The flame shuddered.

Not from wind.

From recognition.

The tunnel walls were marked with symbols pressed so deep into the stone they looked grown there. Not carved by chisels. Not painted. More like the rock had been convinced to remember the shapes. They pulsed faintly when the matchlight wavered, a dark-red glow that made the stone look bruised.

Redalhia’s hand hovered near one of the sigils, then stopped. She didn’t touch it.

“You know these,” Bzou said.

“I don’t,” she replied too quickly.

Then she exhaled and tried again, voice softer. “I… feel them.”

That was the first crack in her composure since the square, the first sign that whatever waited below wasn’t merely a monster to be hunted.

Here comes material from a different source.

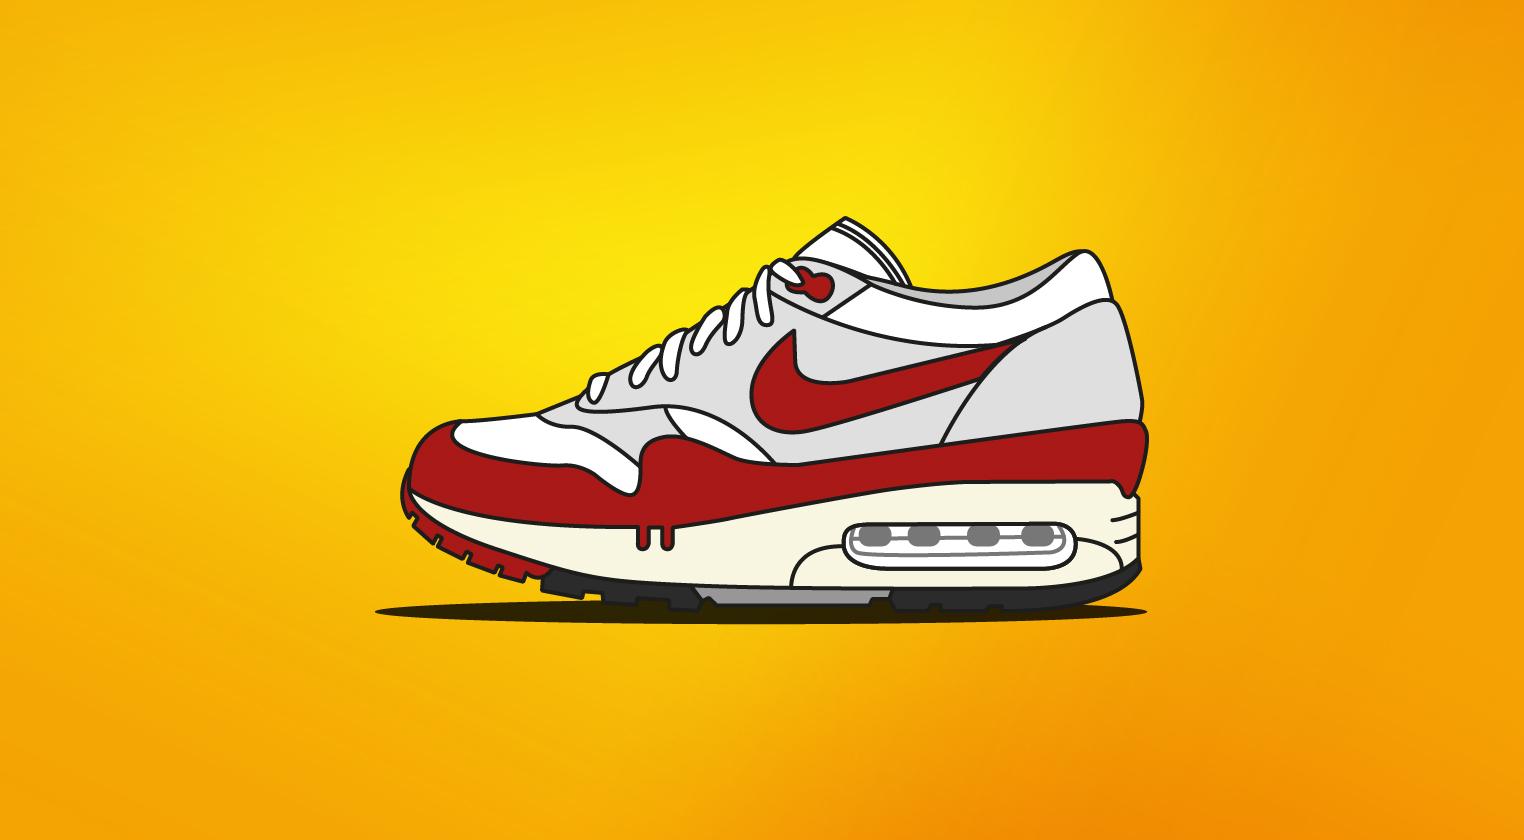 28a2b3ca Inspirational Designers - The man behind Nike Air Jordan's - Fifteen

It was a history trying to climb into her mouth.

They moved.

Downward.

Always downward.

The tunnel narrowed, then widened, then narrowed again, as if built to confuse the sense of distance and direction. Every few steps, the air changed. Stone. Water. Ash. Blood. Then, underneath it all, the same steady breathing, as if the earth itself was sleeping and their footsteps were the dream.

Bzou’s fur bristled as the scent shifted again.

Not decay.

Not death.

Something preserved. Something kept.

They turned a bend and the tunnel spat them into a chamber.

It wasn’t grand. No cathedral of bones. No dramatic cavern dripping with stalactites. Just a room cut into the earth that felt too deliberate to be natural and too old to be recent. The walls were lined with stacks of bones arranged like offerings. Not human. Not wolf. Somewhere between. Long limbs, wrong joints, skulls shaped like questions.

At the center sat a shape wrapped in old fabric and iron and rope.

Not a corpse.

A body.

It was breathing.

Shallow, careful breaths, like it had spent years practicing how to be alive without being noticed. The bindings around it were not merely restraints. They were rituals—twists of black iron inscribed with the same pulsing symbols, rope threaded through with hair and something that looked like dried blood, layers of cloth stiffened by old oils.

Redalhia stepped forward as if pulled.

Bzou’s hand shot out and caught her wrist—not hard enough to bruise, but hard enough to remind her she still belonged to herself.

“Don’t,” he said.

Redalhia’s eyes didn’t leave the body. “It’s… her.”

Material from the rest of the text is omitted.